Co-Authored-By: Claude Opus 4.7 (1M context) <noreply@anthropic.com>
The forwarder loop combined two distinct concerns — pumping messages through the NATS client and awaiting JetStream's ack futures — into a single select-loop that was awkward to read. Splitting them into two tasks linked by a bounded channel gives each loop a single responsibility, lets the runtime schedule them on separate cores, and applies natural back-pressure when ack handling can't keep up. The ack waiter also drains its pending set on shutdown so server-side rejections are still surfaced. Co-Authored-By: Claude Opus 4.7 (1M context) <noreply@anthropic.com>
- Add Envelope::new so publish() reads as a single expression. - Fix the copy-paste doc on configs::shared::EventBusConfig (was describing OpenTelemetry) and merge its duplicate derive attribute. - Promote a couple of internal failure logs from debug to warn so they show up at default verbosity, and document why the await_acks drain loop exists. - Emit `elapsed` in priceEstimate events as a number instead of a stringified one. Co-Authored-By: Claude Opus 4.7 (1M context) <noreply@anthropic.com>
The closure passed to produce_results wrapped estimate() in an async block, deferring the call until the future was polled. That broke the queries_stages_sequentially test: with early-return enabled, a racing estimator could complete before later ones in the same stage were ever polled, so their .estimate() invocation — and the side-effects mocks rely on — never happened. Attach the timing / event emission via .map() instead, restoring eager invocation. Also trim emit_quote_event to take just the name and query it actually reads, dropping the unused Context generic. Co-Authored-By: Claude Opus 4.7 (1M context) <noreply@anthropic.com>
| }) | ||
| } | ||
|
|
||
| const EVENT_BUS_SIZE: usize = 1_000; |
There was a problem hiding this comment.
not blocking: metrics over how many messages are in the queue

Description
Adds a globally-available, NATS JetStream–backed event bus for observational events. Failures must never affect the hot path.
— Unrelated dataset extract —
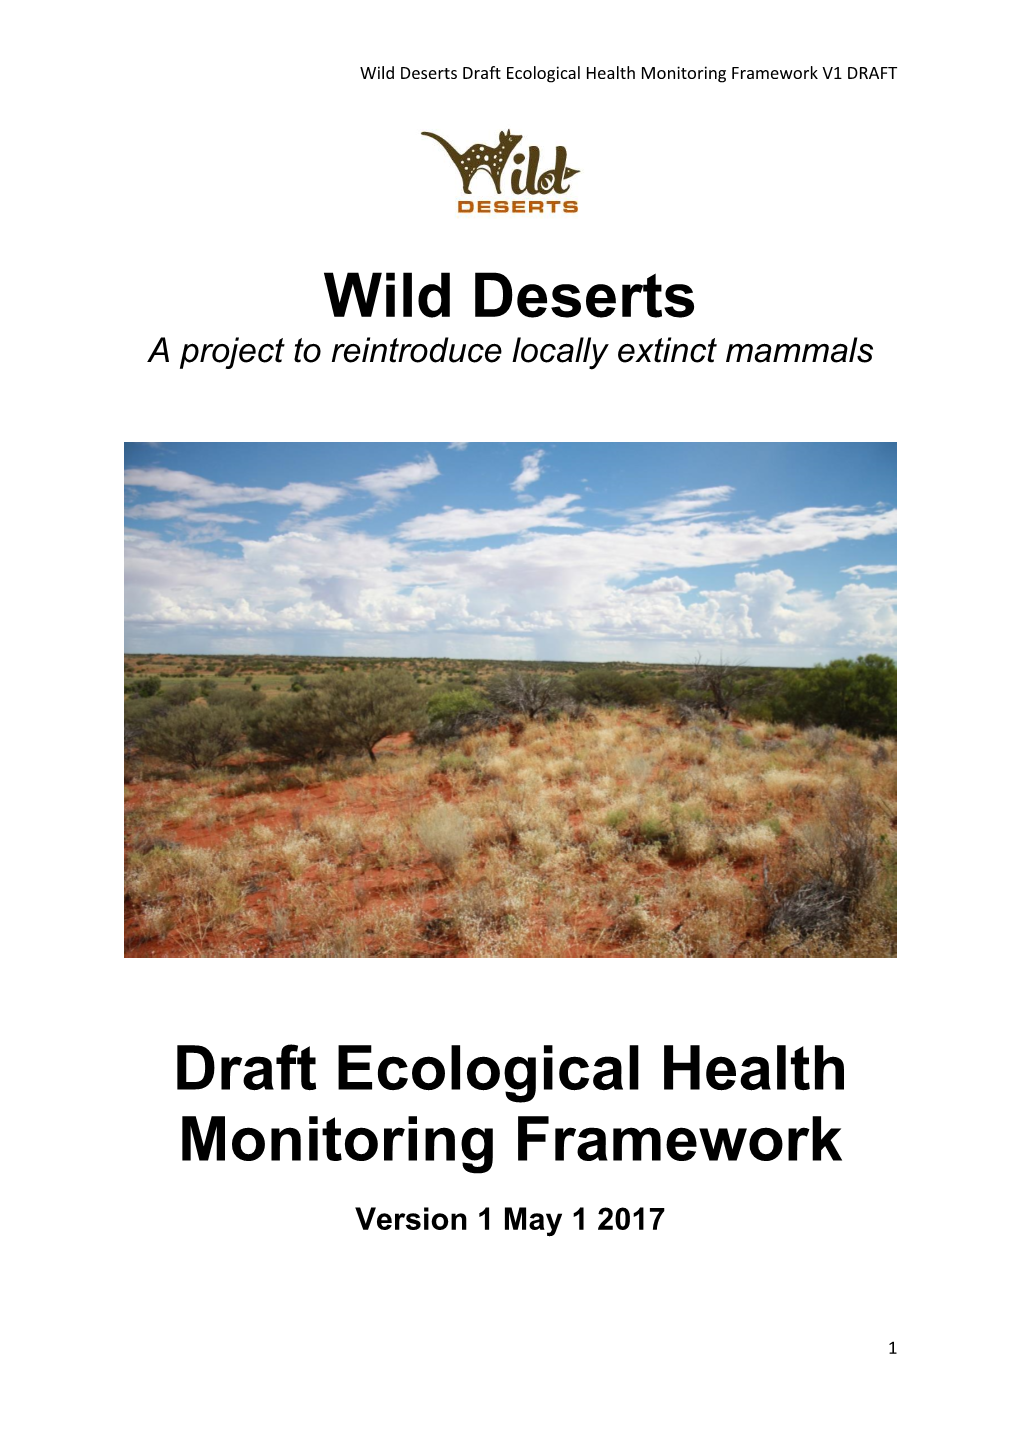 Draft Ecological Health Monitoring Framework V1 DRAFT

NATS was picked over RabbitMQ because the Rust client for streams was still experimental. The JetStream stream itself is managed in the infra repo, not by the service.
Changes
observe::event_bussingleton with a syncpublish(subject, data)callable from anywhere; in-memory queue feeds two background tasks (publisher + ack-waiter) linked by a second bounded channel for back-pressure.event.<chain_id>.<name>(consumers can wildcardevent.1.>).SharedConfig::event_bus, wired into autopilot and orderbook.priceEstimateevent from each estimator in the quote competition.Robustness
AtomicBoollatch); failed attempts can still retry.PublishAckFutureis actually awaited — server-side rejections surface as logs + metrics.event_bus_dropped_events{reason}keyed by a typedDropReasonenum (channel_full/serialize/publish/ack).SharedConfig::validateenforceschain-idwheneverevent_busis set, so runtime use sites canunwrap().Wire format
Envelope<T> { version: "v1", timestamp, requestId?, body }, shape pinned by unit tests.How to test
Run the
#[ignore]-taggedsend_messagestest incrates/observe/src/event_bus/mod.rsagainst a local NATS, thennats sub "event.>"to watch them land. Two always-on tests pin the envelope shape; one inconfigs::sharedcovers the new validation.